Sconfitta senza appello, nonostante una dissennata rimonta nel finale che aveva quasi illuso.
La Grissin Bon parte bene, crolla e negli ultimi tre minuti con un moto d’orgoglio prova a tornare sotto a una Germani che dimostra la sua solidità nonostante il roster corto.
Ecco i nostri Analytics del match di ieri.




3: i minuti del momento in cui inizia la riscossa reggiana. Fatta di cosa? Di nulla di solido. E’ questo che vorrebbe sottolineare. La rimonta, che comunque c’è stata e questo va trascritto agli atti, è nata per un moto di orgoglio di rabbia, di voglia. Quello che per 37’ precedenti non c’era stato. Entrata in campo con una idea precisa, vale a dire dare palla sotto e limitare al massimo il proprio perimetro, Reggio si è poi dissolta entrando nel solito vortice di paura e negatività appena ha trovato davanti a sé una squadra quadrata e ordinata. Poi nel finale, con un basket da campetto più che ragionato, la Grissin Bon ci ha provato.
Bene. Troppo poco però. Non salva la gara questo, non salva le qualità del team che deve per forza cambiare, non salva da un giudizio negativo, anzi, se possibile lo acuisce, perché ha dimostrato di dover giocare senza pensare per provare a far qualcosa di buono. E’ gennaio, fate vobis

65: la percentuale dal campo di Brescia fino ai minuti finali. Ultraterrena. Fatta di ottima circolazione, di fiducia nel gioco, vero, ma anche di una resistenza blanda offerta da Reggio e la sua scialba retroguardia. Prendiamo i back-door sistematicamente subiti da Upshaw? O dal mancato aiuto finale sulla penetrazione di Abass dello stesso e di Owens (non aiuto gravissimo nel momentum del match, perché dimostra l’indole totalmente rinunciataria) O partiamo dal fatto che Zerini è sembrato Bill Russell sotto canestro tra rimbalzi e canestri? Ecco, la squadra reggiana oggi semplicemente non abbassa il sedere, non piega le gambe, non ci prova, è pigra e poco concentrata. Giocatori con questo nel DNA, Candi a parte. Ecco perché si può parlare anche di lavoro settimanale, ma questo fondamentale non lo ritrovi magicamente alla Cassala il martedì. Ti devi sbattere, ti devi impegnare. Questo manca totalmente.
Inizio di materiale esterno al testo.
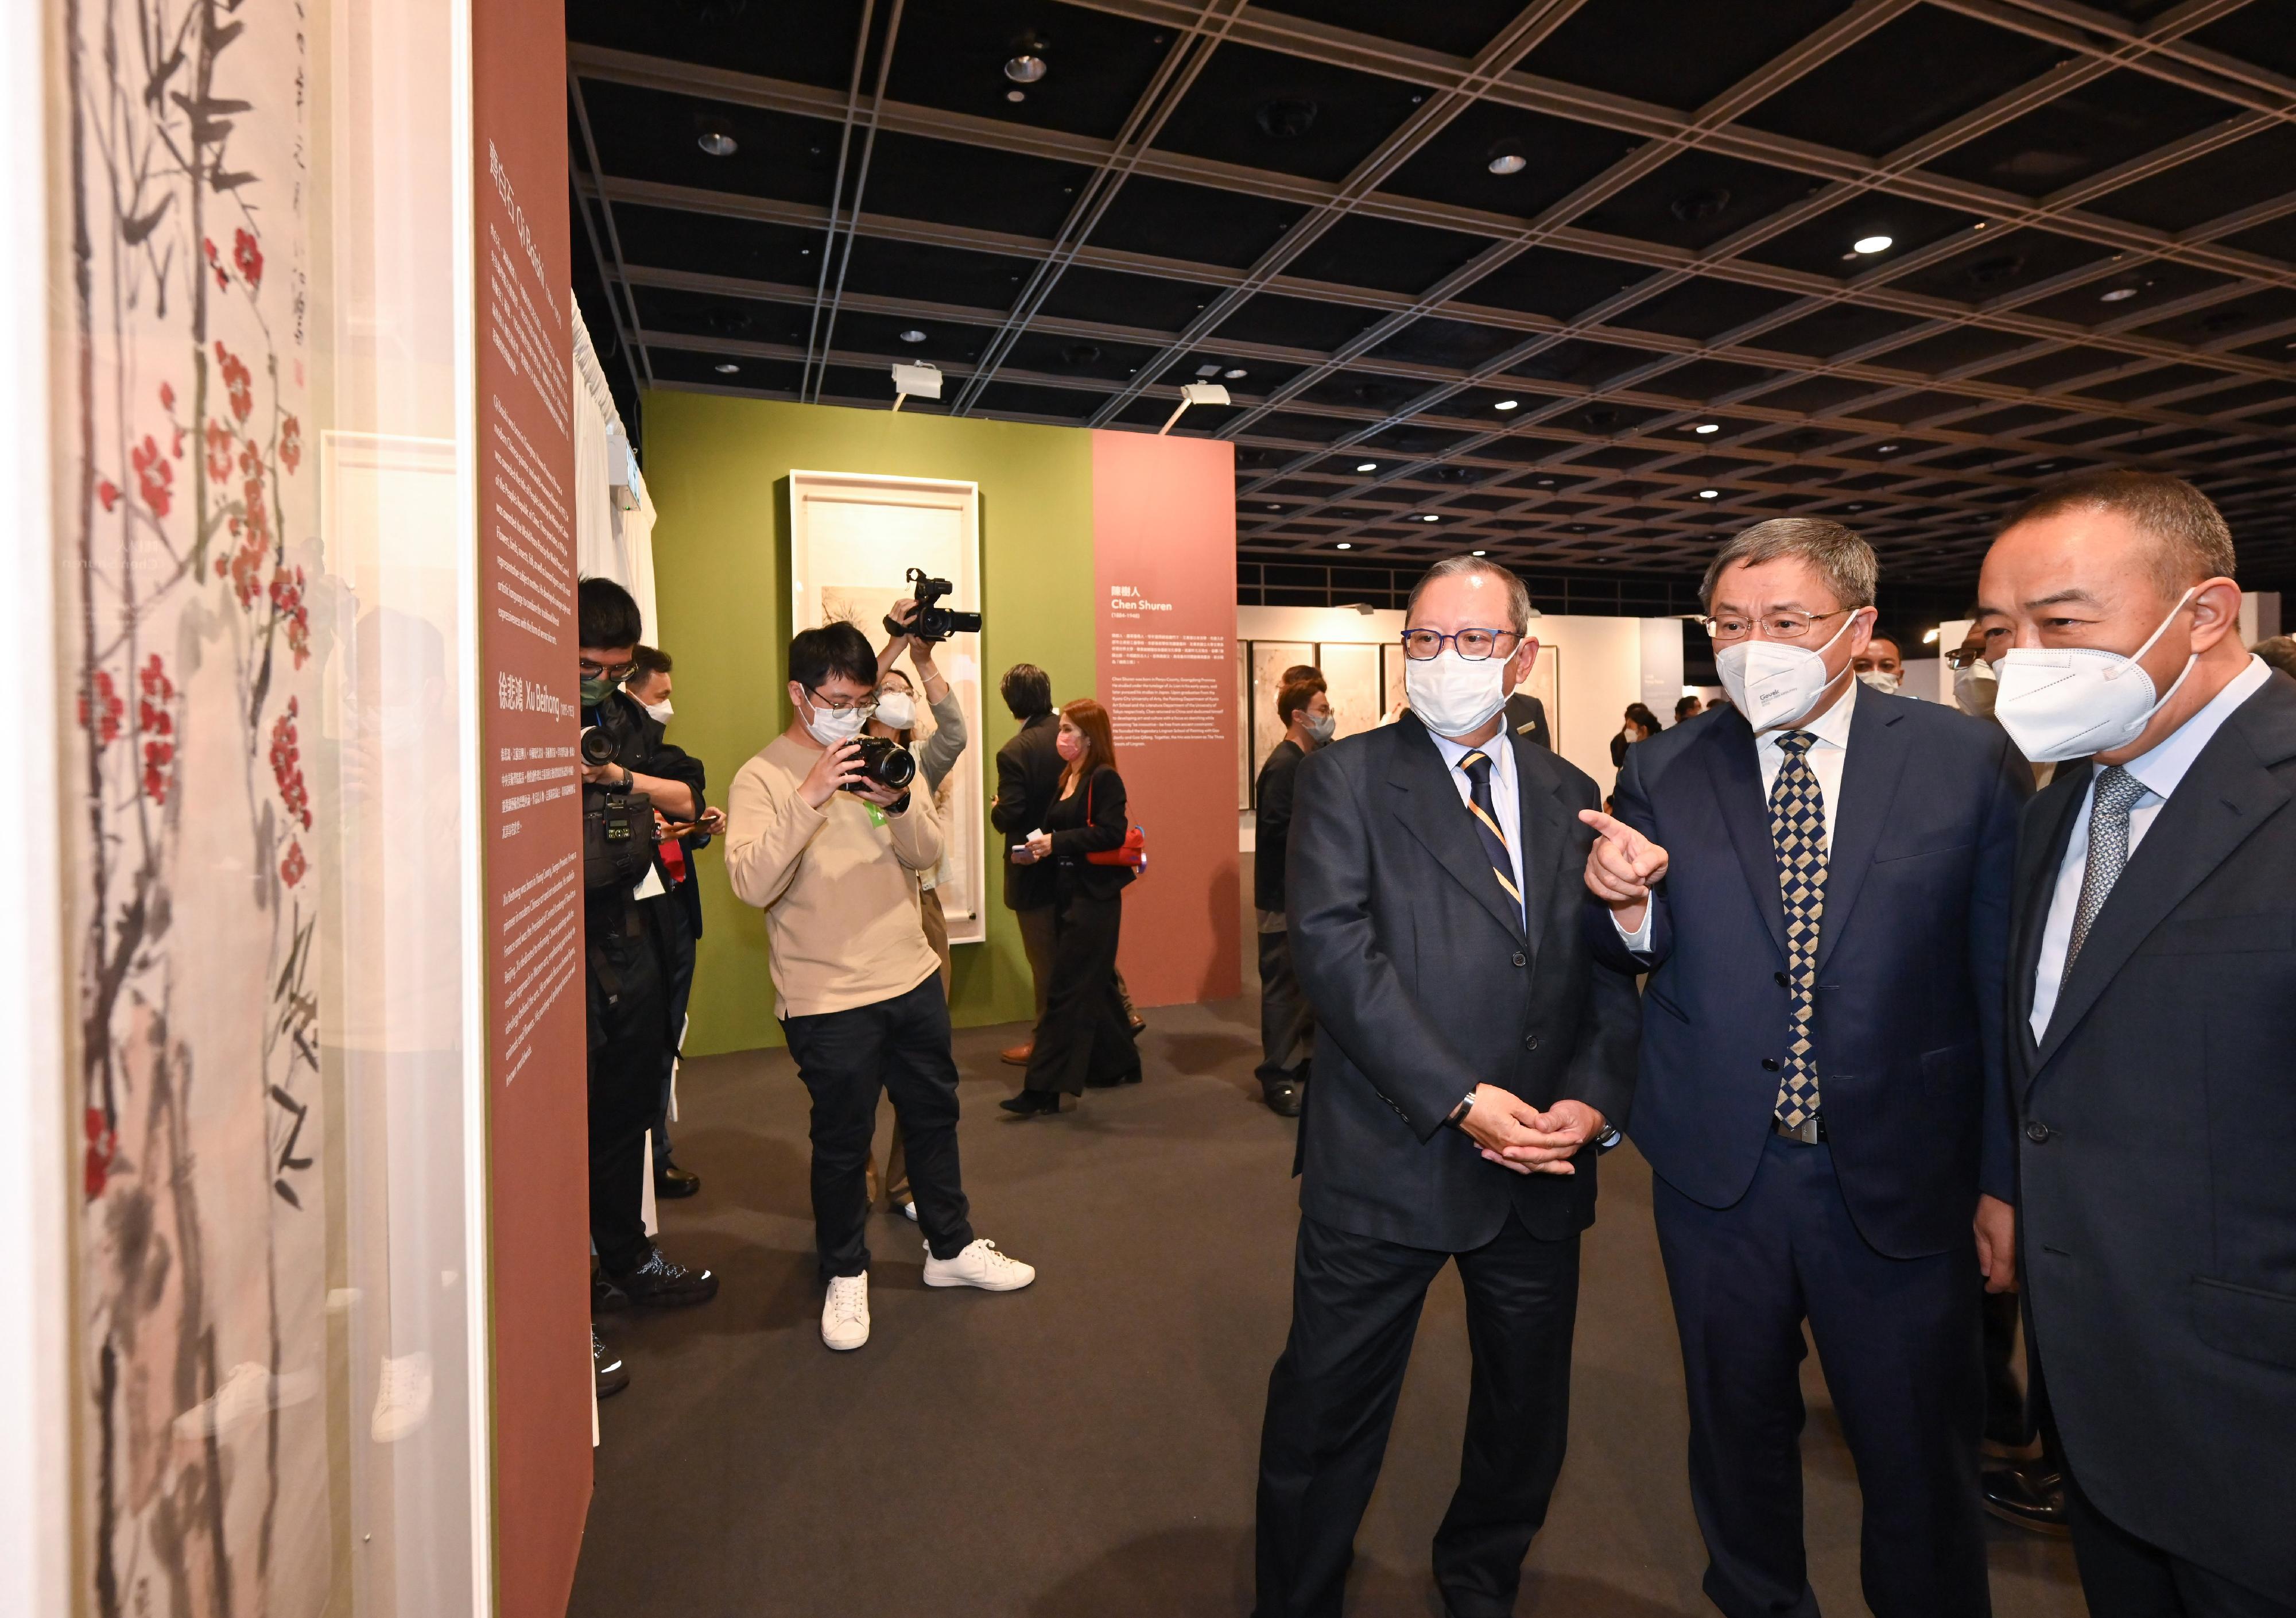 政務司副司長卓永興今日（十一月十六日）出席「藝文香港ART HK」藝術展覽及國際藝術論壇開幕儀式。圖示卓永興（右二）參觀「藝文香港ART HK」藝術展覽。

4: i punti di vantaggio sul penultimo posto. Giù la maschera ragazzi, guardiamoci dietro, perché davanti guardano le squadre che migliorano. La Grissin Bon peggiora di gara in gara. O meglio a oggi è entrata in un vortice di paure e negatività che la porta a non mettere insieme neanche tre, quattro cose positive. Allora se si cambia si può svoltare la stagione, ma se si tentenna è giusto pensare a salvarsi. Partendo dal presupposto che quelle dietro le hai sconfitte tutte, quindi sembrerebbe una visione piuttosto pessimistica. Si, ma loro migliorano e crescono, tu?